We have two bottle calves. A steer about 7 weeks old (orphan), and a heifer about 4.5 weeks old (was a twin...momma didn't have enough milk for both).

They are both taking the bottle great, two feedings a day right now...following the directions on the bag...seem to be doing great. I have them both in a corral right now (but it has some grass growing etc), have had them in a large box stall together for a couple days of nasty weather, and have even let them out into a small fenced pasture we have that is green as green can be.

The steer is grazing lots, and even when I feed bottle, his lips are green from the grass. The heifer is also grazing quite a bit, but of course not as much as the steer as he's older and quite a bit bigger.

Since day 1 that we've had them, I have had calf starter available to them. I have been hand feeding them...ie...actually placing small amounts in their mouths and they chew it right up. The steer has even started nuzzling towards my hand as I hold some. (I should say, this is done after both AM and PM bottle feeds). The thing is, on their own, they haze ZERO interest in the grain. The days they were in the box stall, they maybe ate a touch, but maybe that's because they had no grass available?

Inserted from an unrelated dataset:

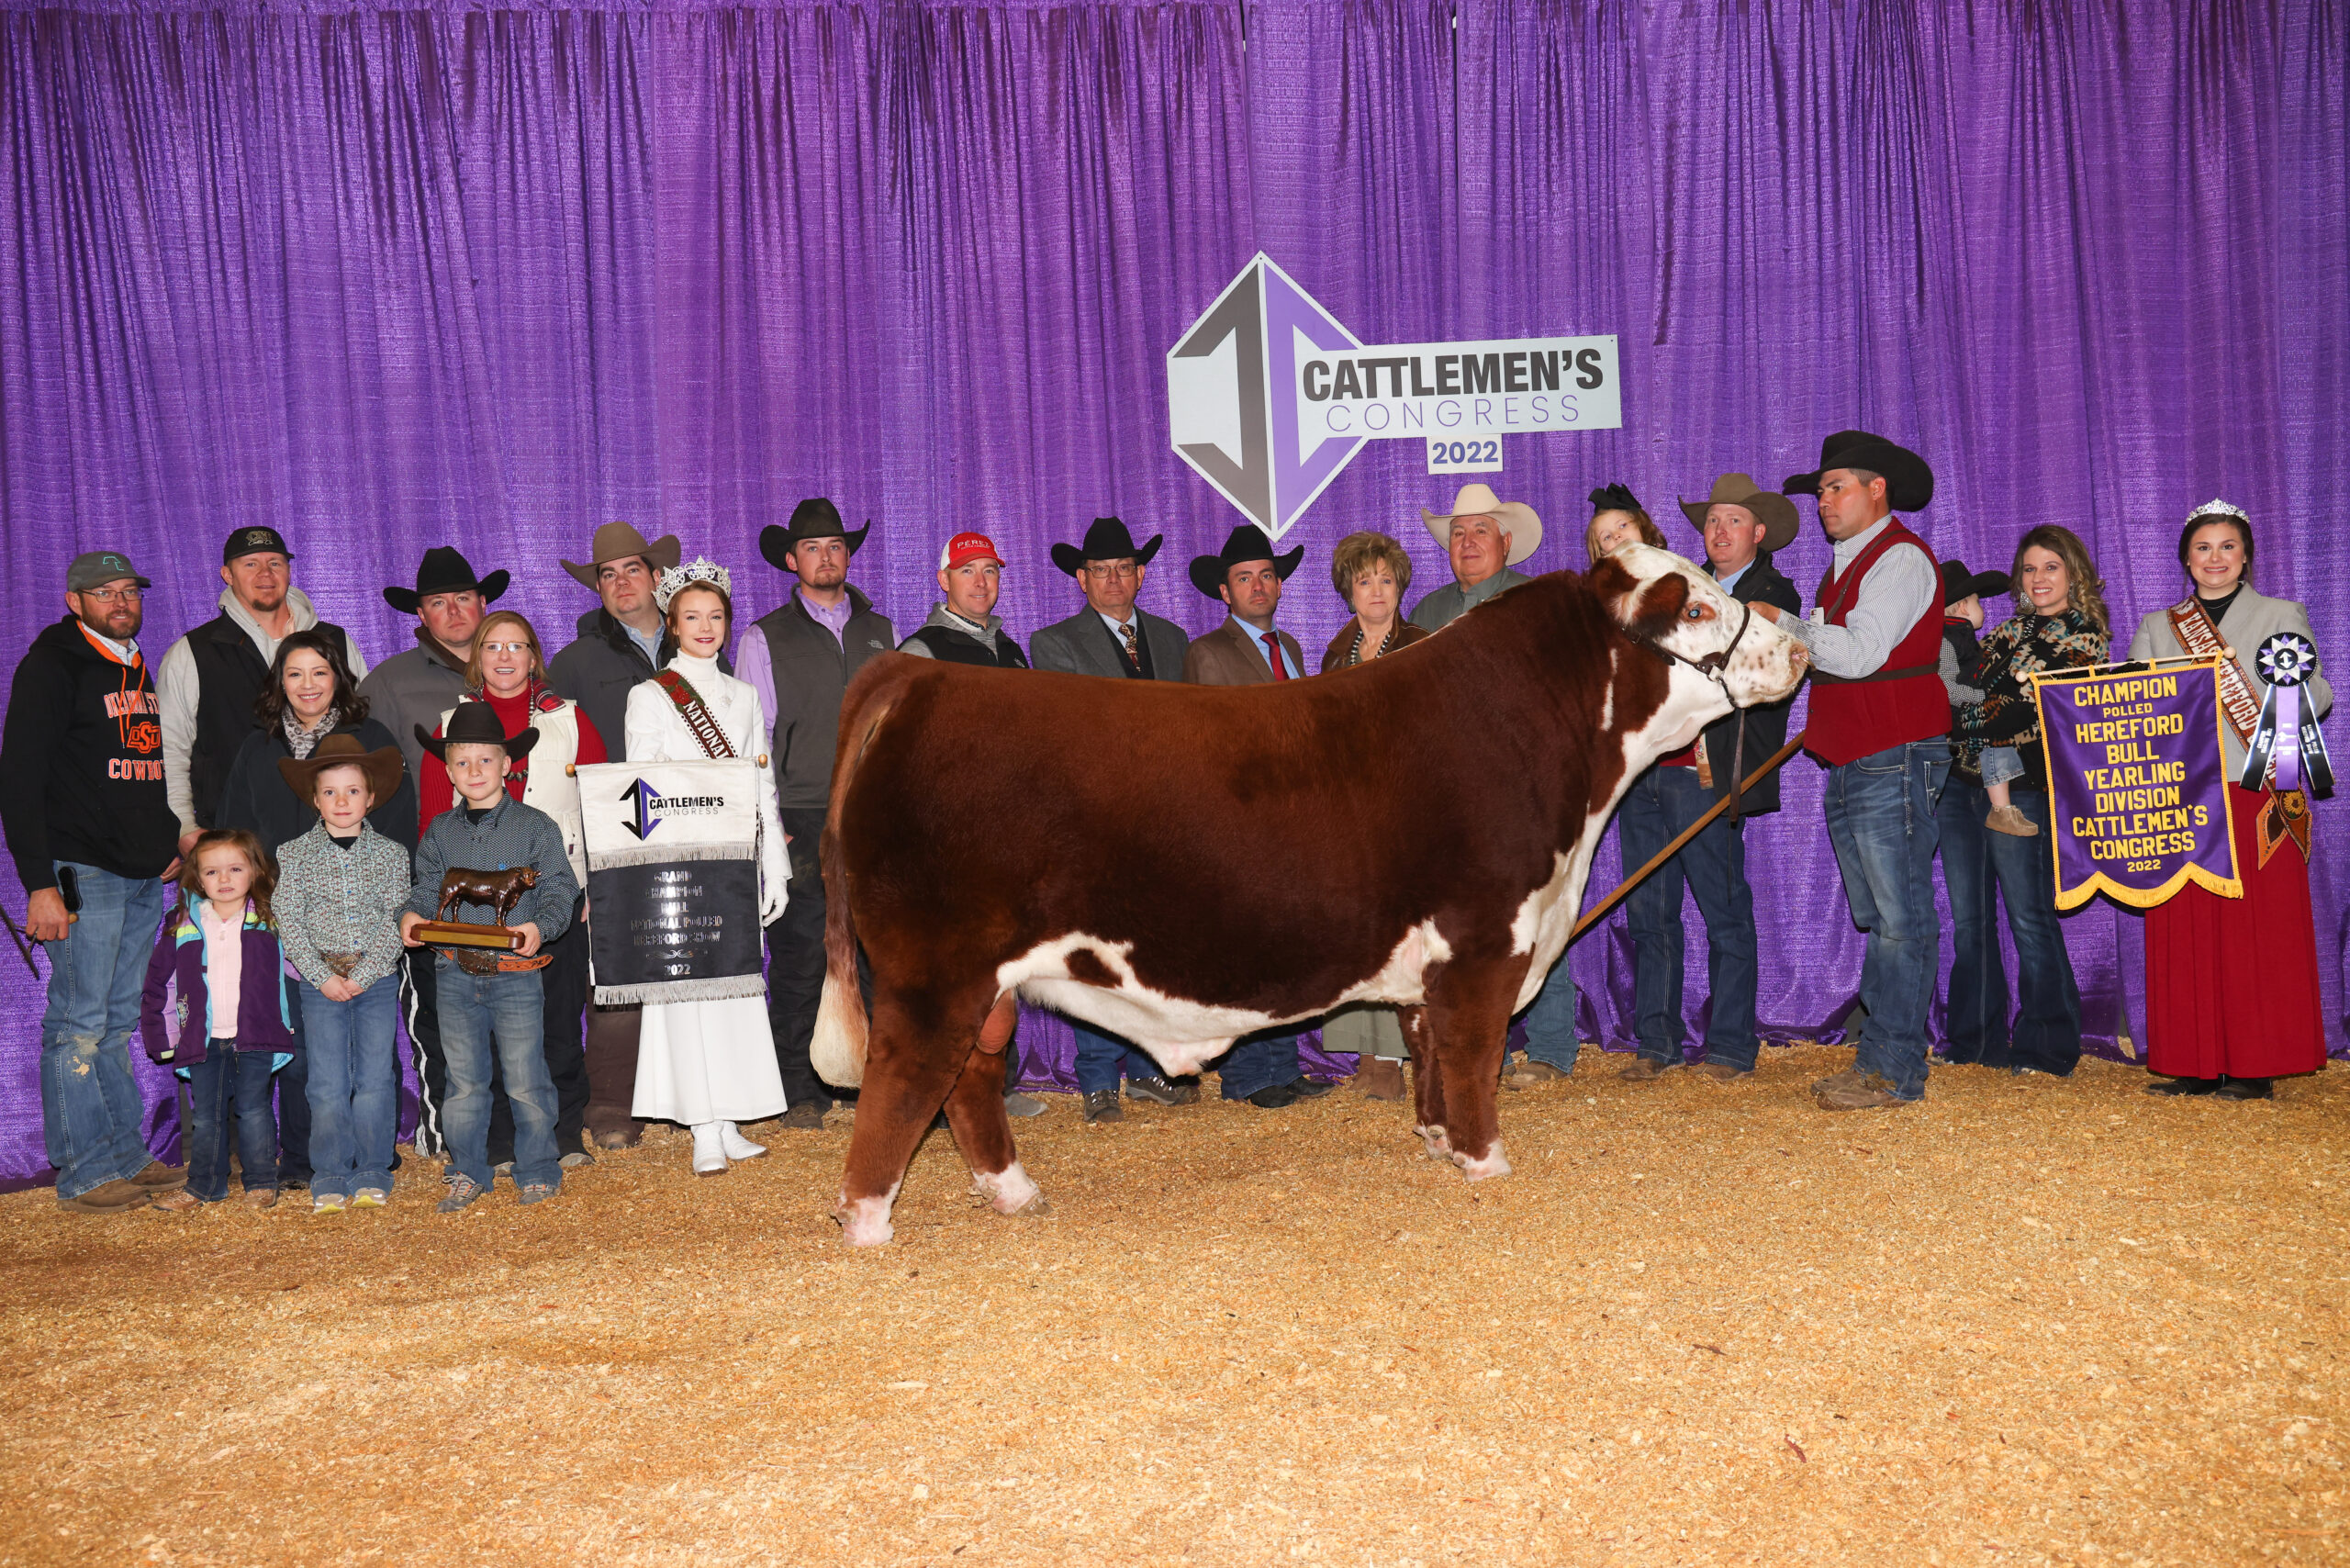 American Hereford Hereford Champions Named at 2022 Cattlemens Congress

I have tried not increasing bottle concentration of milk replacer, maybe making them just a touch hungrier...? I have sprinkled some of the milk replacer fluid on the grain. I have tried mixing grass and grain in a trough...they eat the grass...and of course some grain (a tiny bit) by association. But I just can not get them interested in the calf starter. I may try sprinkling some milk replacer powder on the calf starter tomorrow...maybe that'll help?

Any tips from those experienced in this type of thing? Any tricks that have helped you get them eating more? What are the chances that the grazing is filling them up and they just aren't hungry enough for the grain?


----------



## FarmerJoe (Nov 14, 2009)

Does your calf starter/ grain have molasses mixed with it? If it is sweet, they will like it better. They may very well be filling up on the grass. It should be ok. I've had dairy cows that ate so much grass they refused grain. Maybe have a salt/ trace mineral block available if they want it.


----------



## Oregon1986 (Apr 25, 2017)

Calves love the molasses


----------



## SapphireFarms (Apr 13, 2017)

I did try oats with molasses one day that I have for my horses...maybe I'll try adding a little in there for the next couple of days more consistently.

(I do have a salt block in there, and water...don't seem to interested in it...at least now)


----------



## G. Seddon (May 16, 2005)

They are probably a little young to really go nuts for grain, but some calf manna sprinkled on top might encourage them.


----------



## haypoint (Oct 4, 2006)

Whole grains might not be so easy for them to eat. Is your calf starter grain ground?


----------



## sammyd (Mar 11, 2007)

Unless you plan on feeding them milk for the next 5 or so months, get them off the grass and get them on the grain.
At this point the grass is doing nothing for them but filling their bellies and causing them to not be interested in the grain.


----------